天台风又起了,卷着硝烟与铁锈味,扑向所有人的眼睛。
远处,消防云梯正攀上大厦西立面,金属摩擦声刺耳如锯。
泰山的身影出现在天台东侧出口——他左臂吊在胸前,绷带渗血,却已重新握紧一支战术电击棍,目光如刀,扫过全场。
李俊却没看他。
他低头,凝视左腕那副钛合金手铐——gps定位码在幽光中微微闪烁,像一只不眨的眼睛。

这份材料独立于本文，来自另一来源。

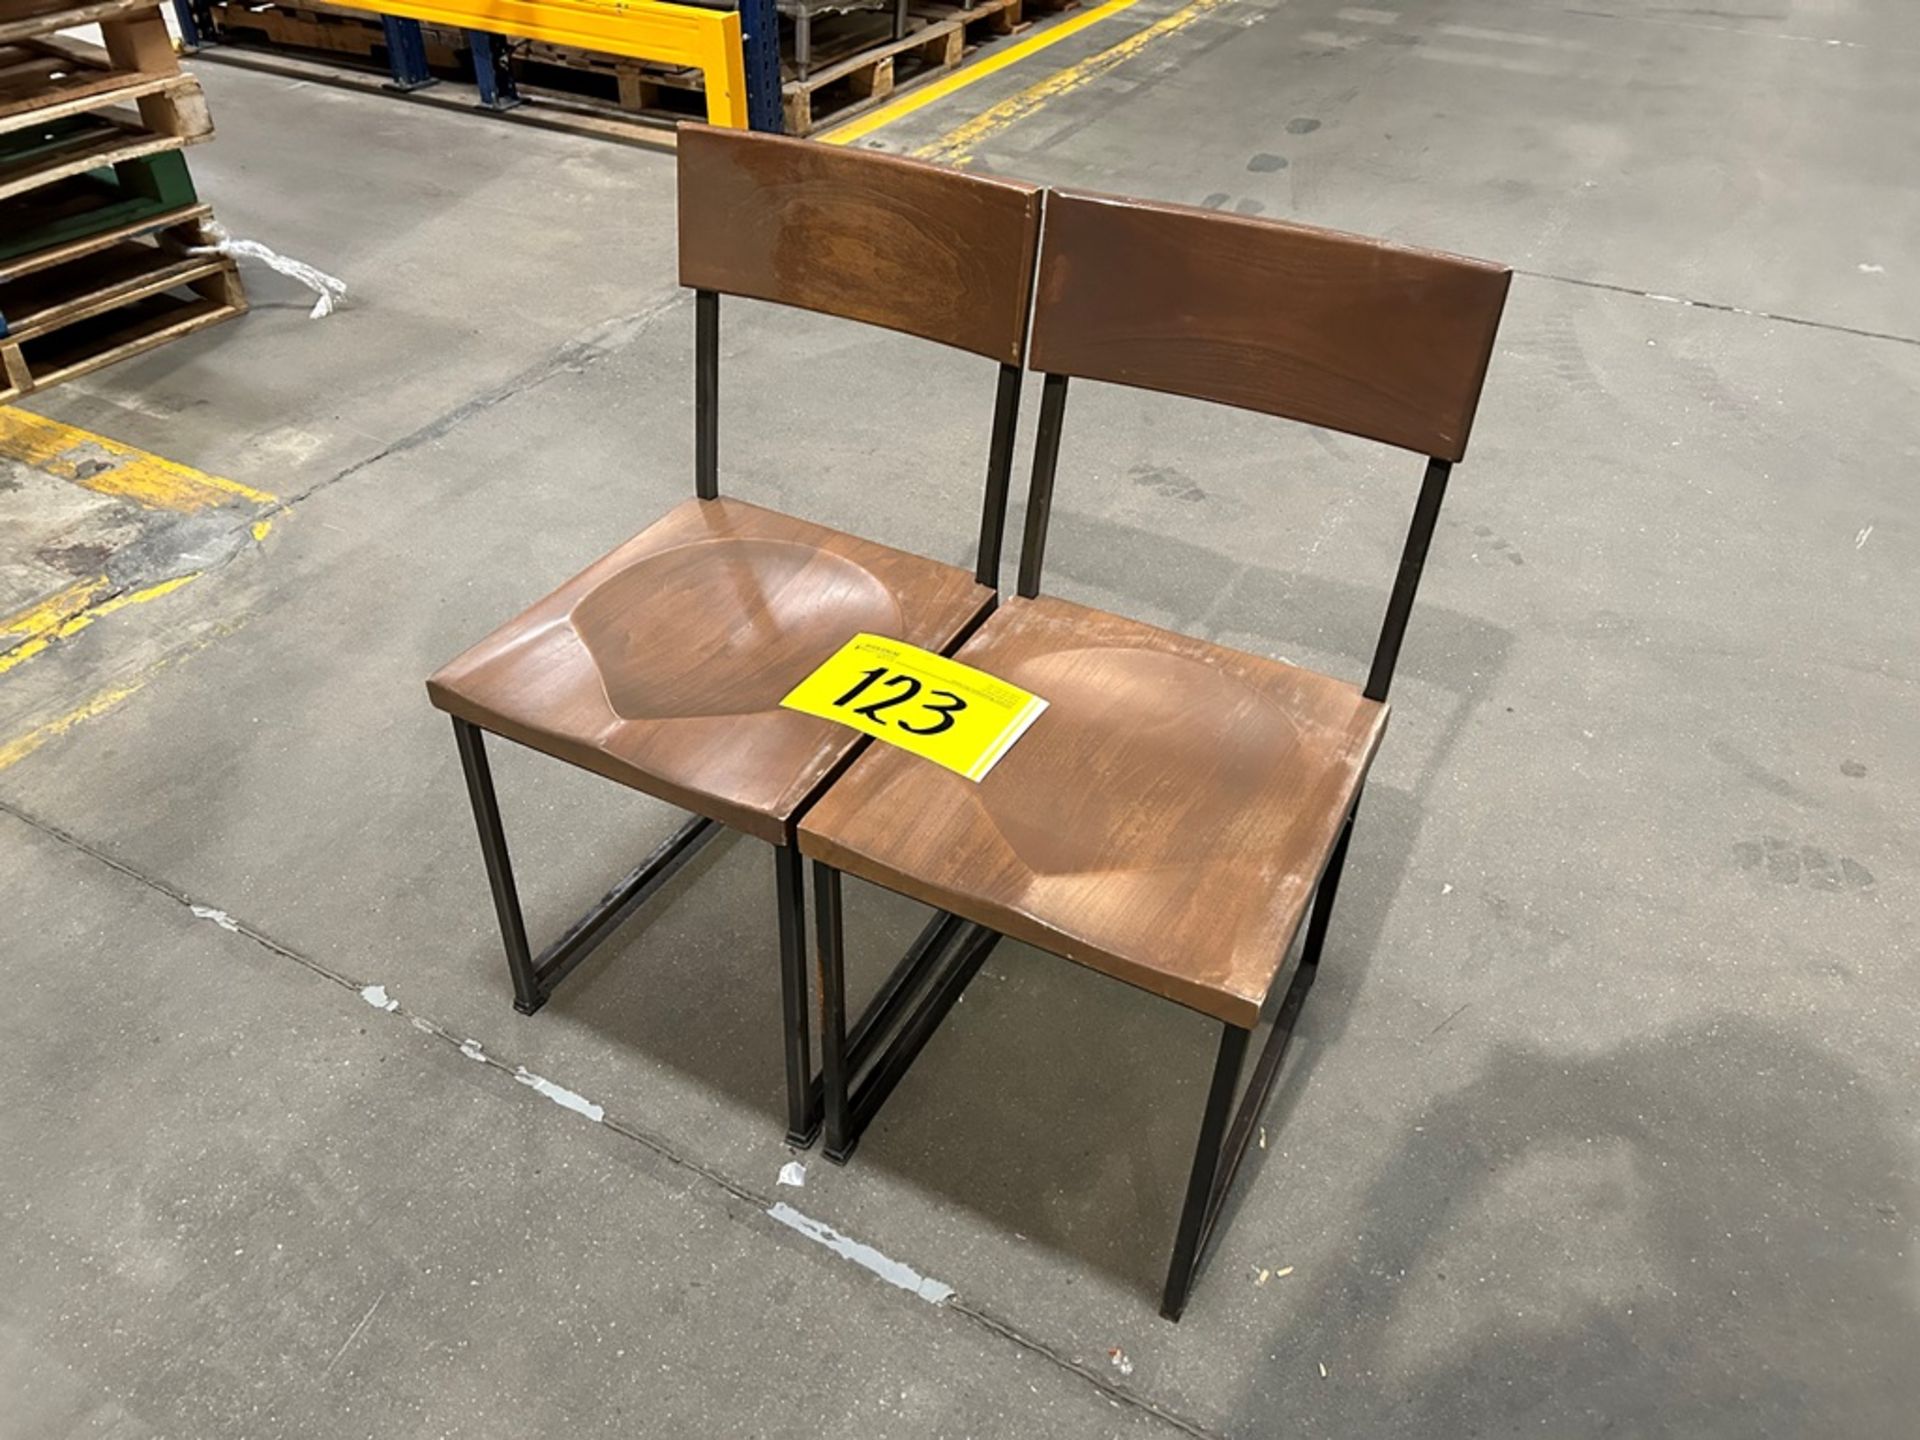 6 sillas en acero/madera color negro/café medidas 48 cm x 41 cm x 87 cm (Equipo usado) - Image 2 of 5
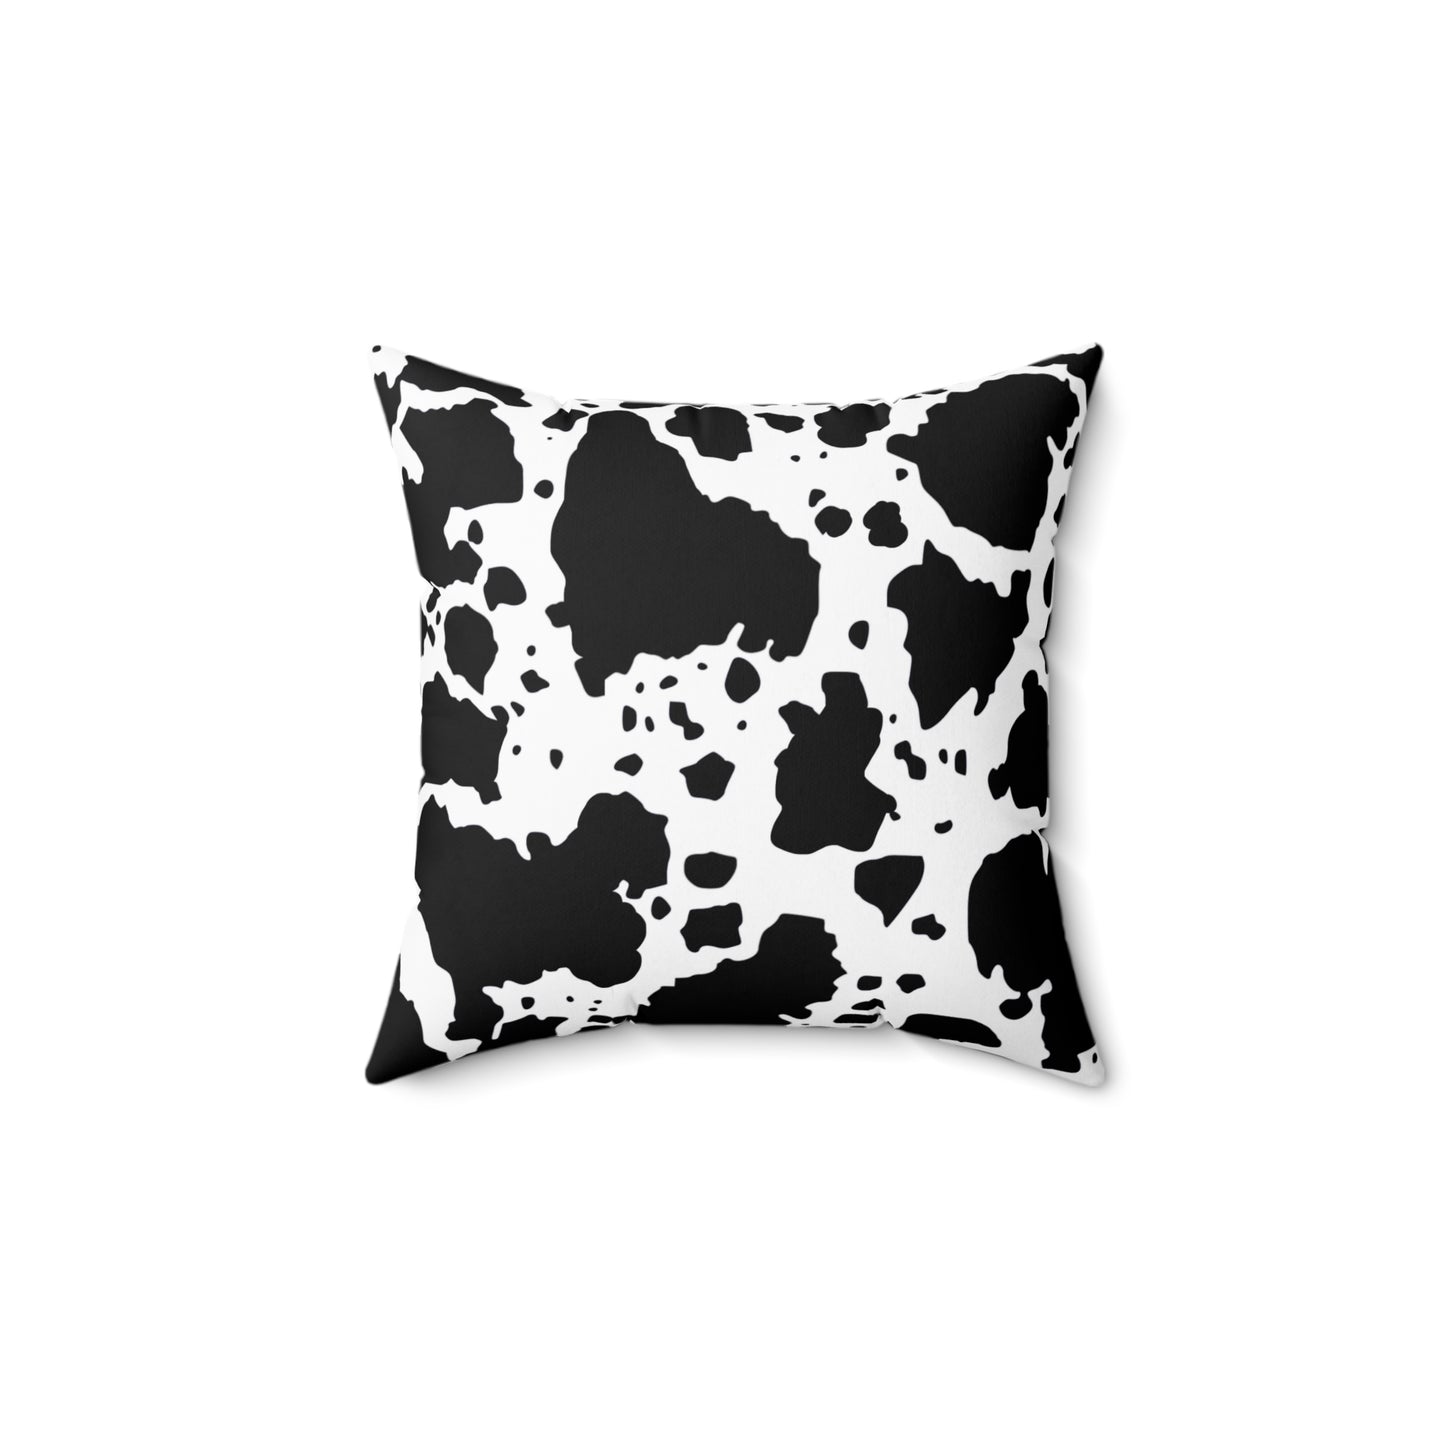 Cow print Spun Polyester Square Pillow

他忽然抬起右手,用拇指腹缓缓抹过铐环内侧一道极细的划痕——那是刚才强行扭转链条时,金属刮擦留下的新鲜印迹。
划痕走向,与水箱外壁那组荧光坐标的起始弧度,完全一致。
他抬眼,望向大厦顶层那排早已熄灭的led广告屏。
屏幕漆黑如墨,倒映着他半张染血的脸,以及身后——那口半开的工业焚化炉。
炉膛深处,余焰未熄,正缓缓吞没最后一片焦纸残边。
火光跳动之间,他腕上手铐的gps红点,忽明忽暗,仿佛在应和某种更深的节奏。
而就在那红点明灭的间隙,整栋大厦的电梯井深处,传来一声极其轻微的“咔嗒”。
像是某道机械锁扣,在彻底断电的黑暗里,悄然跳动了一下。
电梯井深如竖立的墓穴。
断电后,应急灯只在井道中段苟延残喘,投下几圈昏黄光晕,再往上,是彻底吞没一切的墨黑;往下,则是无底般的沉寂——连风都绕着这垂直深渊走。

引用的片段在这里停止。